Loryn KASS, Plaintiff-Respondent, v. David J. GRAIS, et al., Defendants-Appellants.

Decided: October 27, 2009

MAZZARELLI, J.P., ANDRIAS, MOSKOWITZ, RENWICK, RICHTER, JJ. Grais & Ellsworth LLP, New York (Molly L. Pease of counsel), for appellants. Tannenbaum Helpern Syracuse & Hirschtritt LLP, New York (David J. Kanfer of counsel), for respondent.

Order, Supreme Court, New York County (Charles E. Ramos, J.), entered October 31, 2008, which granted plaintiff's motion for summary judgment, denied defendants' cross motion for such relief, and declared that plaintiff effectively revoked her offer to purchase certain residential property, unanimously affirmed, with costs.

 Some 20 minutes after plaintiff had notified defendants' attorney that she was withdrawing her offer to purchase certain residential property owned by them, the fully executed contract was delivered by Federal Express.   Defendants have insisted on enforcing the contract, invoking the so-called mailbox rule, which, in the context of contract law, stands for the proposition that a contract is considered to have been made at the time a letter of acceptance is placed in possession of the postal service and not when actually received.   Plaintiff thereupon commenced this action for a declaration that the contract was of no force and effect.

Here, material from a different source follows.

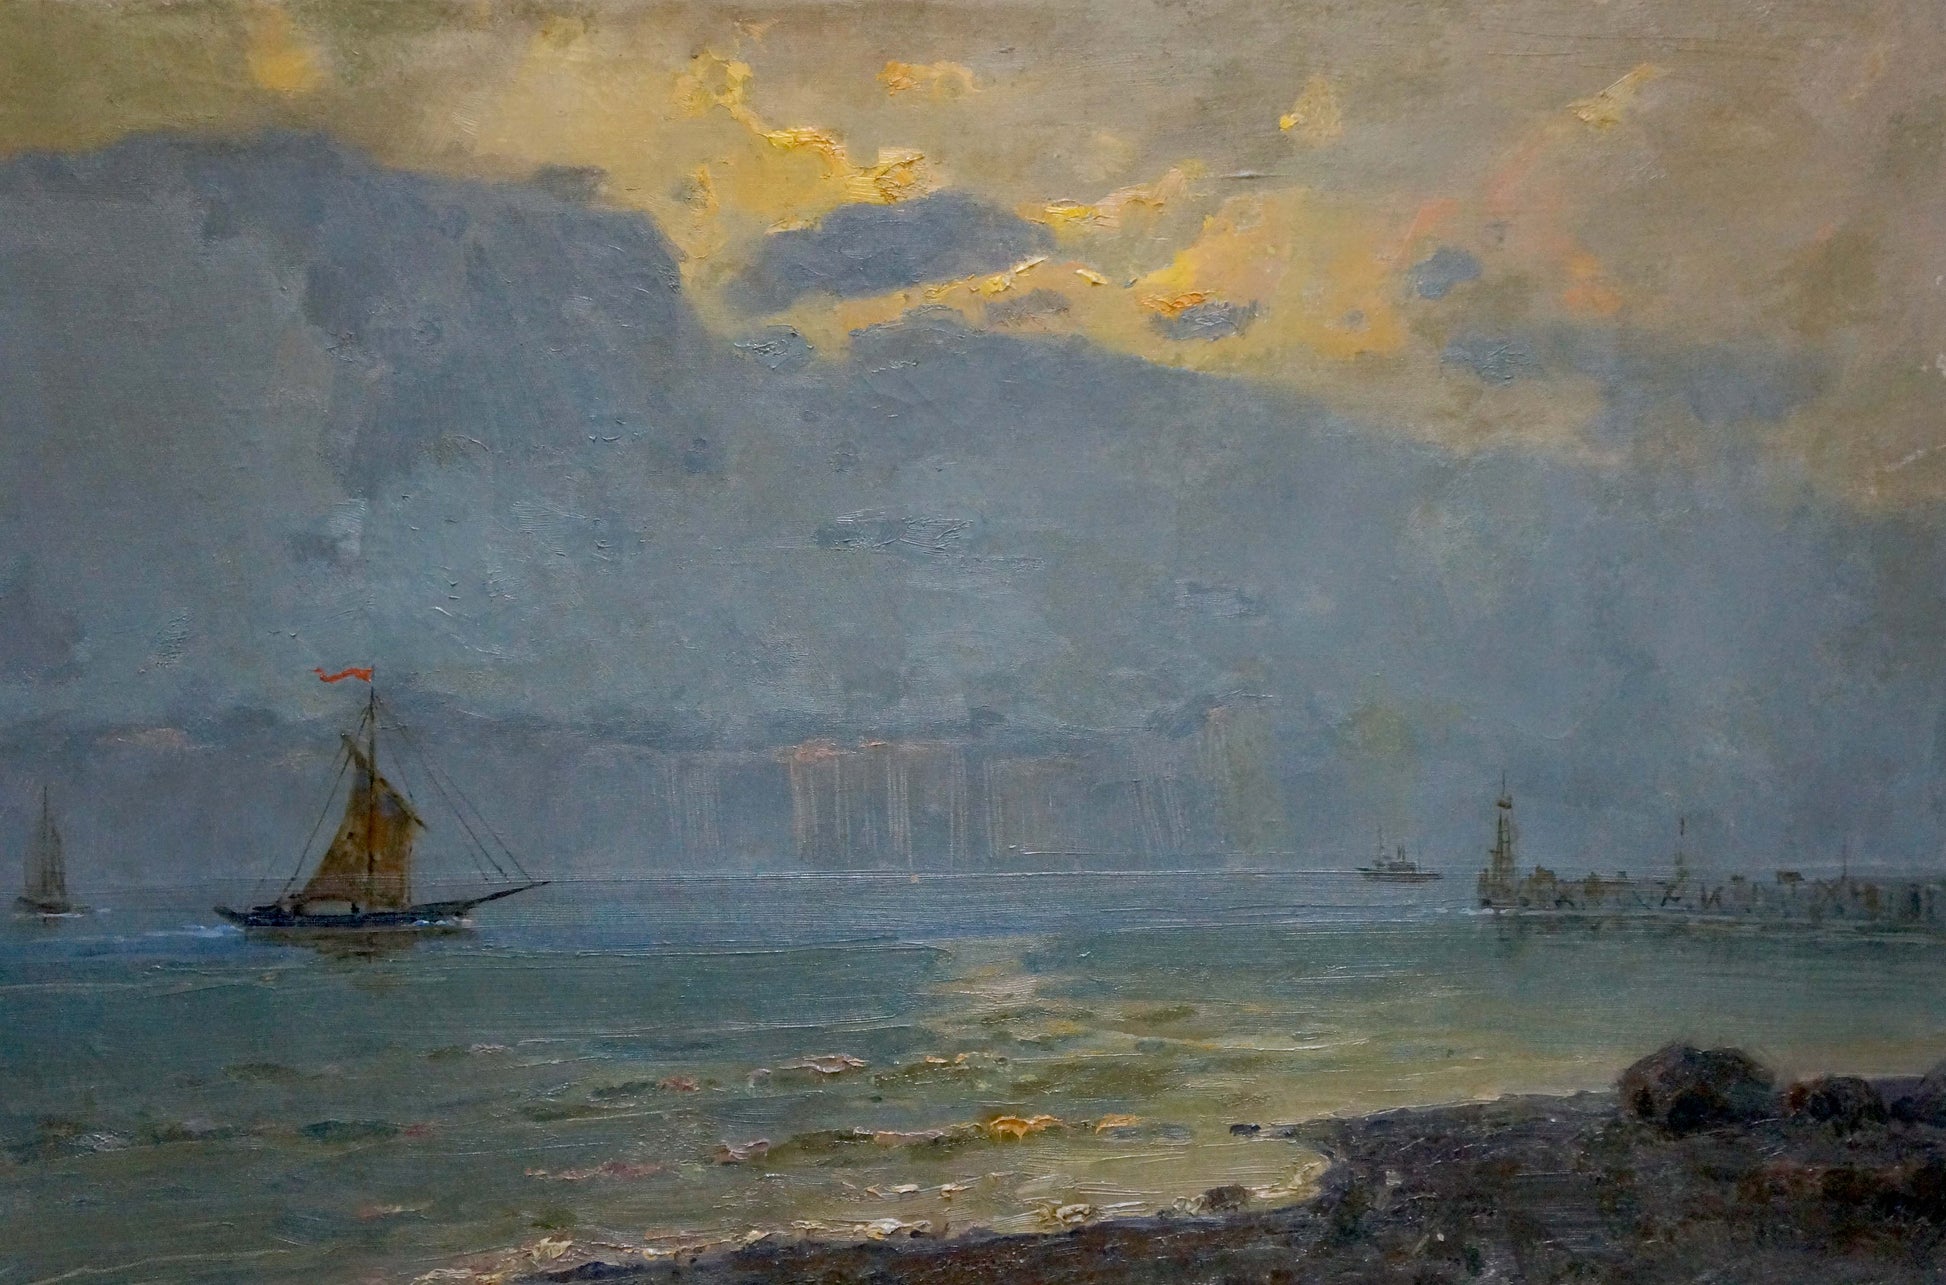 The artwork portrays ships on calm waters, the artist's name remaining a mystery

 Although the mailbox rule has never been extended to encompass the delivery of a contract by Federal Express, defendants propose applying the rule to this purchase contract, notwithstanding the postdating of such contract to the date of delivery.   Pursuant to section 25 of the purchase contract, “any notice to Escrowee shall be deemed given only upon receipt by Escrowee and each Notice delivered in person or by overnight courier shall be deemed given when delivered.”   It is undisputed that plaintiff withdrew her offer to purchase defendants' property before the fully executed contract was delivered.   Defendant argues for excluding the executed contract from the ambit of section 25 because that provision uses the word “notice.”   To the extent section 25 could be considered ambiguous, which it is not (see Greenfield v. Philles Records, Inc., 98 N.Y.2d 562, 569, 750 N.Y.S.2d 565, 780 N.E.2d 166 [2002] ), it is well settled that any ambiguity must be construed in plaintiff's favor and against defendants, who drafted it (see Matter of Cowen & Co. v. Anderson, 76 N.Y.2d 318, 323, 559 N.Y.S.2d 225, 558 N.E.2d 27 [1990] ).